CNR-IMM MATIS and Universita di Catania, Dip. Fisica e Astronomia,

Via S. Sofia 64, 95123 Catania, Italy

mirabella@ct.infn.it

 

In the current nanotechnology age a countless amount of "small and smart" solutions are investigated and proposed in real devices for a variety of applications, such as photovoltaics, sensing, catalysis, security, environment, biomedical area ... The exploitation of nanostructures (NS) usually benefits from enhanced surface over volume ratio and from quantum confined effects arising at the nanoscale. Still, surface states and interface defects quite often overwhelm the previous effects and ask to be comprehended in details for a full utilization of NS. In this talk I'll give few examples of surface/interface effects in semiconductor NS (Si and Ge QDs, ZnO and NiO low-cost NS) applied to photovoltaics and sensing.

The light absorption in Si and Ge NS embedded in insulators will be presented, evidencing whether and to which extent the quantum confinement effect influences the light-matter interaction. An ideal size tuning of the optical bandgap is achieved only if Ge quantum dots have thin and defect-free Ge/SiO2 interface. Indeed, an unprecedented high absorption efficiency, ten times larger than in the bulk, is obtained for smaller and well-ordered Ge QDs in a superlattice approach.
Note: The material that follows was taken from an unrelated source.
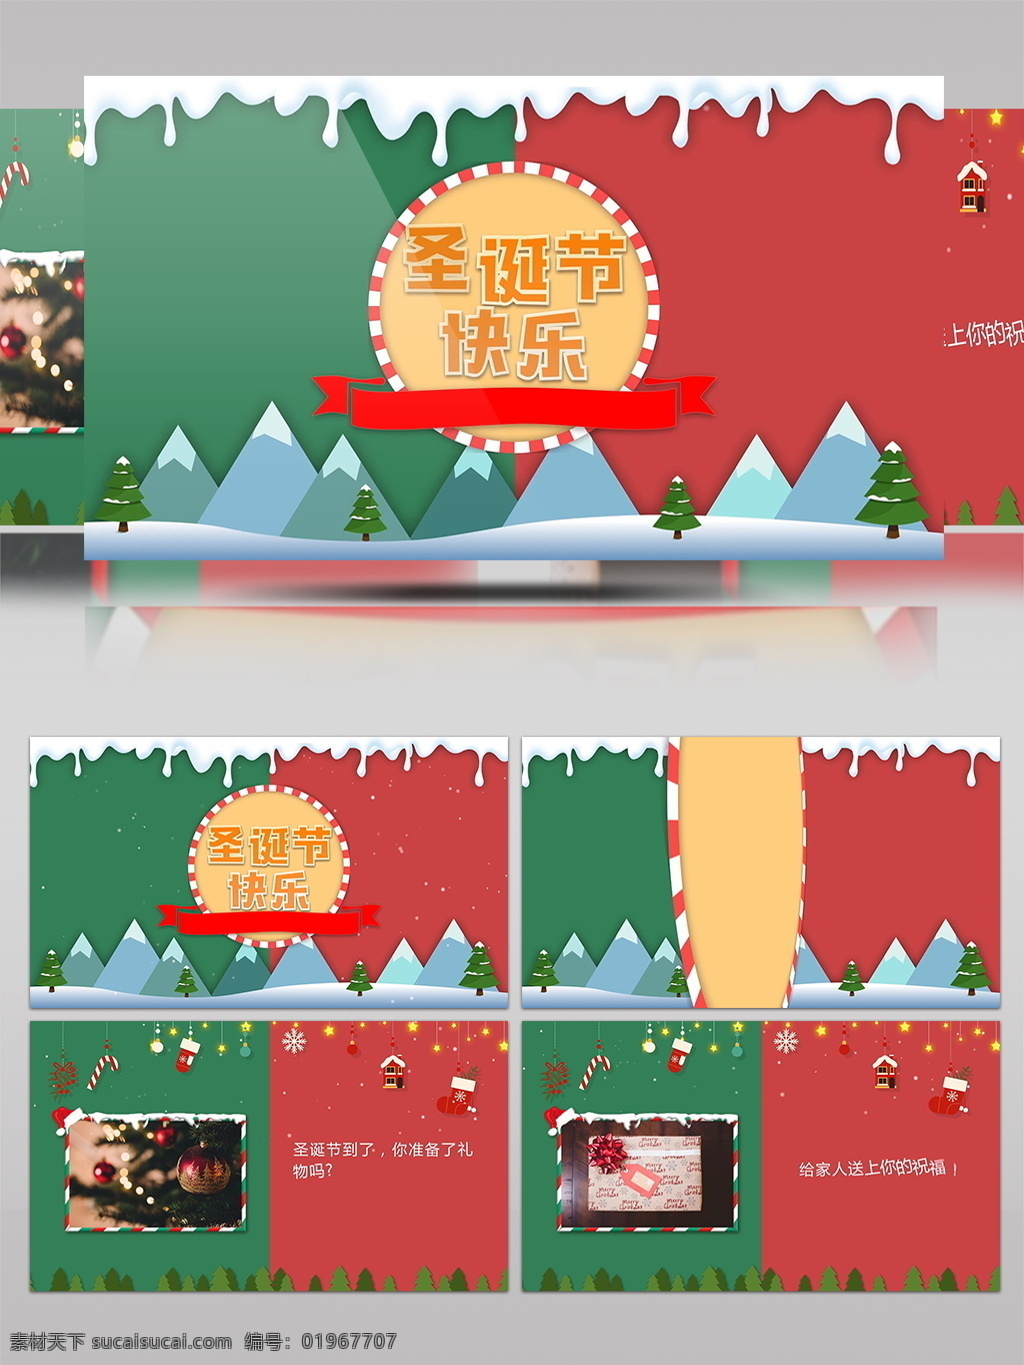 欢乐 圣诞节 片头 ae 模板 红色 圣诞树 下雪 喜庆 平安夜 圣诞图片展示 新年祝福 圣诞节祝福 圣诞礼物 merry christmas

Despite the huge potential in disposable sensors, low-cost NS of transition metal oxides (TMO) often lack reproducibility and stability because of the growth method. The growth mechanism of ZnO nanorods and nanowalls by means of chemical bath deposition will be presented and modeled, as well as the surface states responsible for UV- and pH- sensing will be evidenced. Finally, a facile synthesis on plastic substrate of a large surface area, NiO NS will be described and applied as a high sensitivity, non enzymatic glucose sensor.
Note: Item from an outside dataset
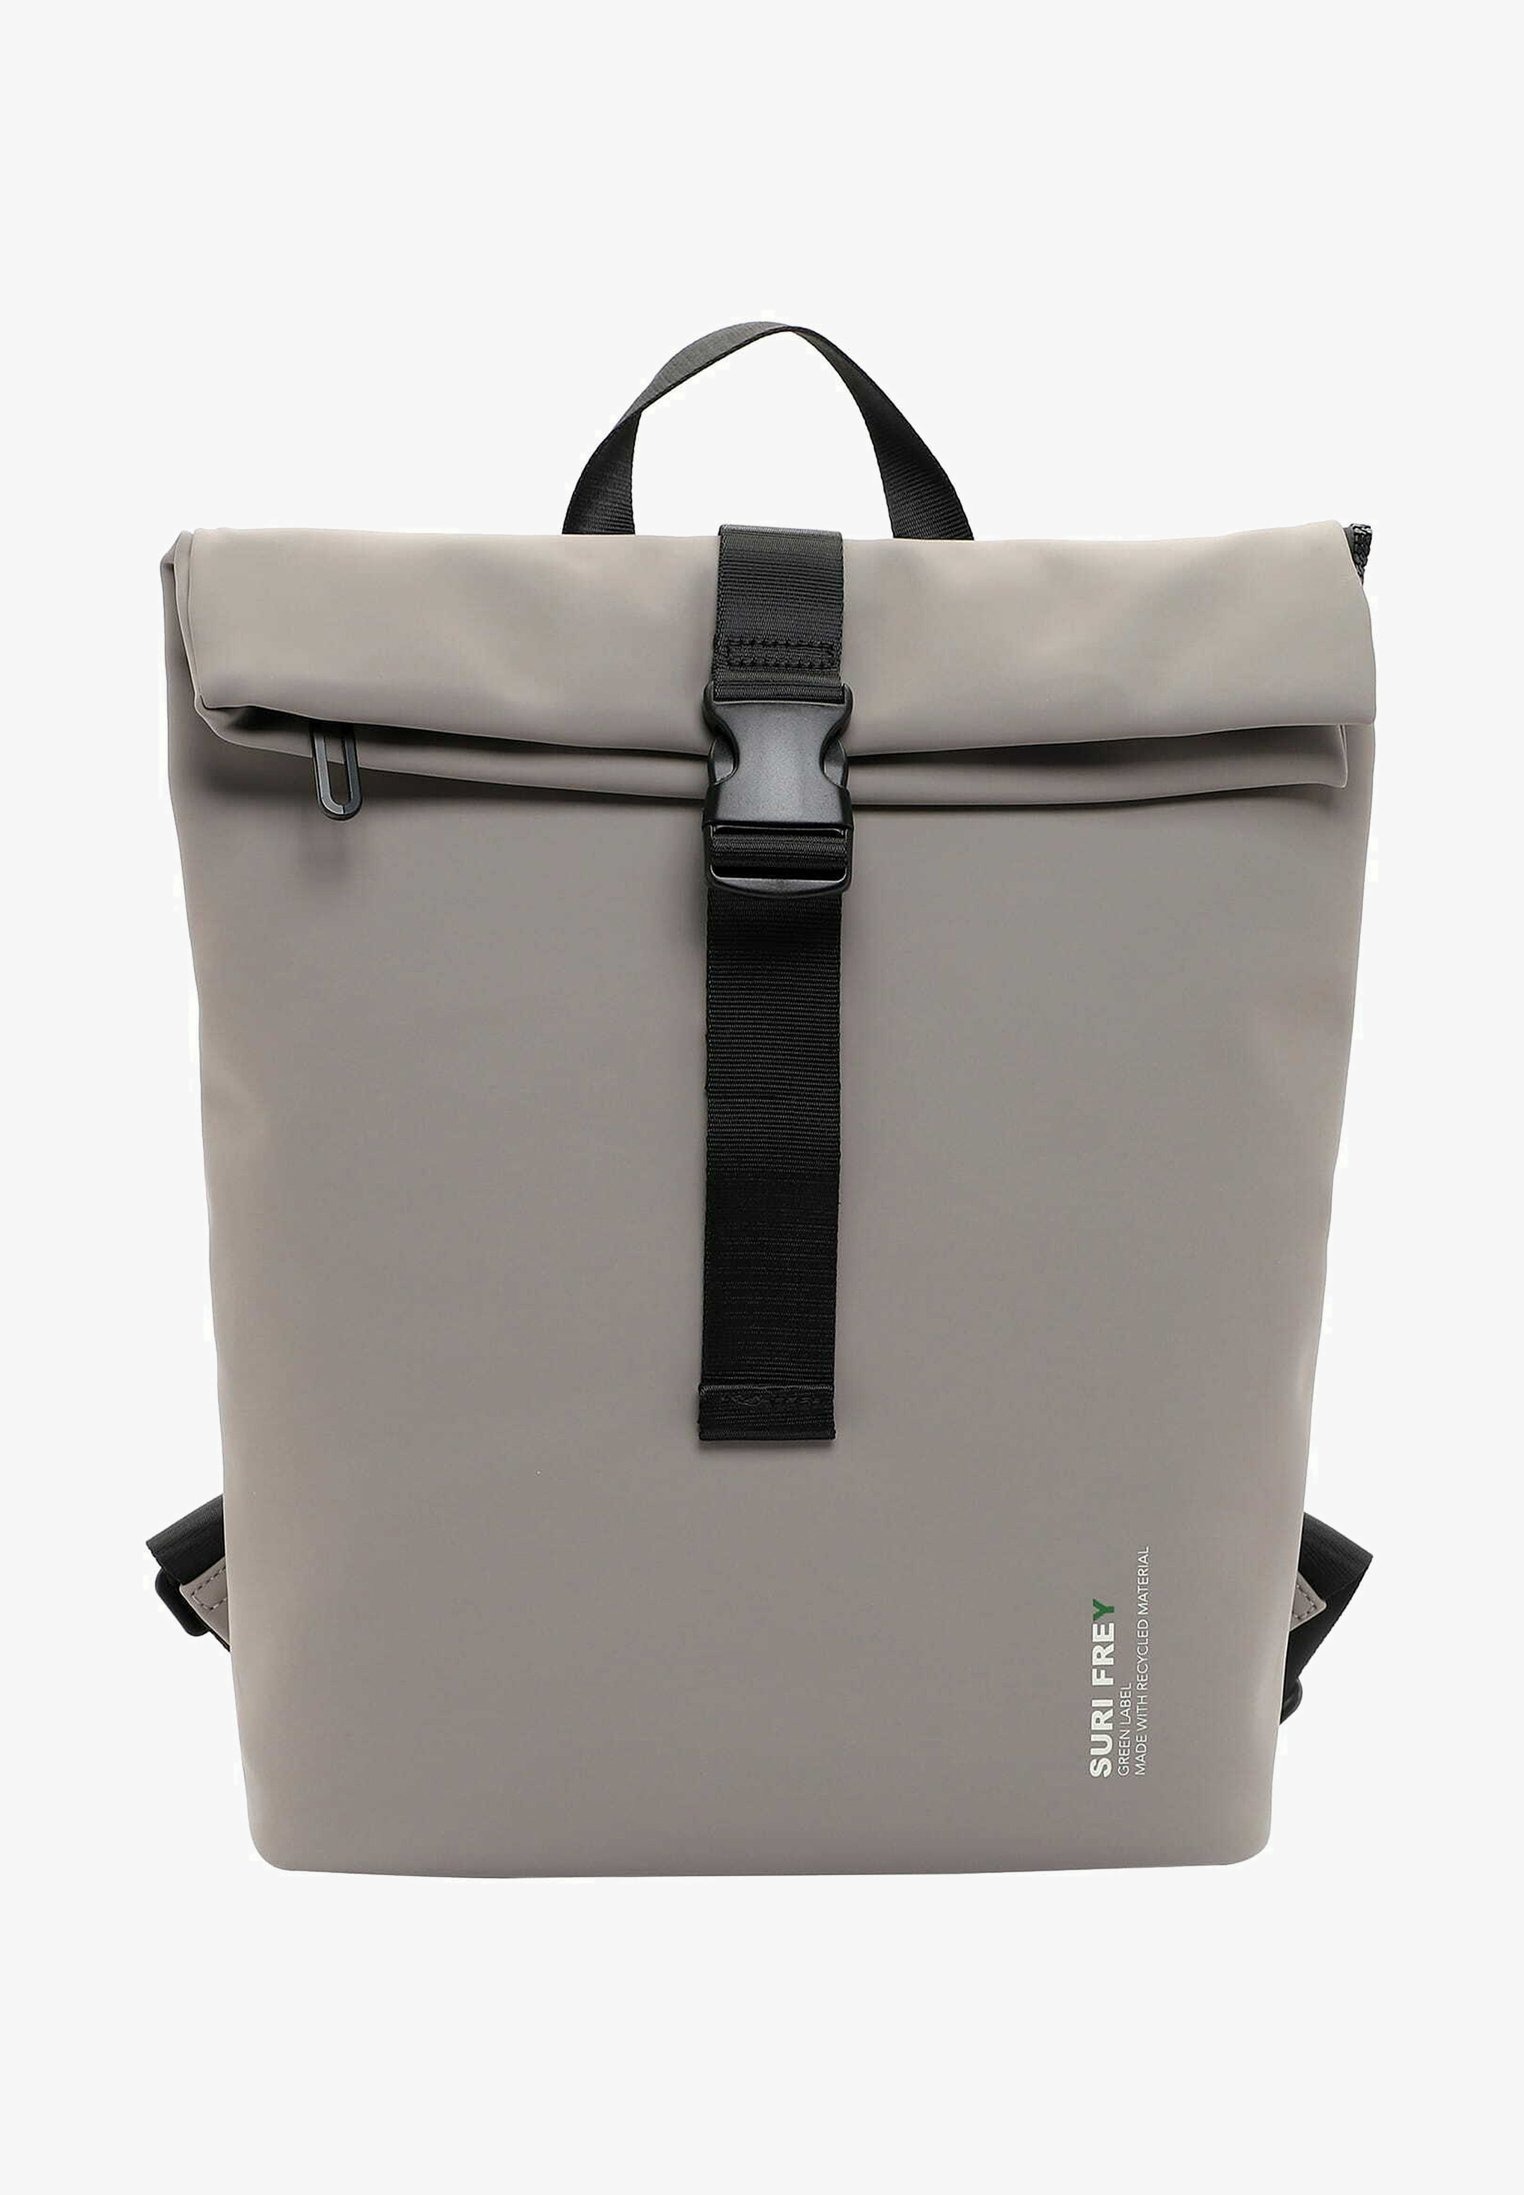 Рюкзак для путешествий Suri Frey Label, серо-бежевый

BIO: SALVO MIRABELLA (Researcher ID: E-4672-2010) received his Laurea (1999) and PhD (2003) in Physics from University of Catania (Italy). Since 2003 he is a staff researcher, now at CNR-IMM. His activity is mainly experimental, focusing on semiconductor nanostructures for Photovoltaics, Smart Sensing and Microelectronics (light absorption in Si or Ge quantum structures, sunlight-energy conversion, low-cost ZnO nanostructures, biosensing, point-defects and dopants in Si and Ge, ion beam modification of materials). Since 2000 Salvo contributed to more than 140 papers on ISI scientific journals, holding an H- factor of 26 (Google Scholar). He wrote a review paper on B diffusion in Si and Ge, holds one patent on point-defect engineering, co-edited 1 book (Nanotechnology and Photovoltaics Devices: Light Energy Harvesting with Group-IV Nanostructures, Pan Standford Publishing), co-authored 3 book chapters (with CRC-T&F group, and Pan Stanford Publishing), co-organized 3 international scientific conferences and symposia, and gave 15 invited talks.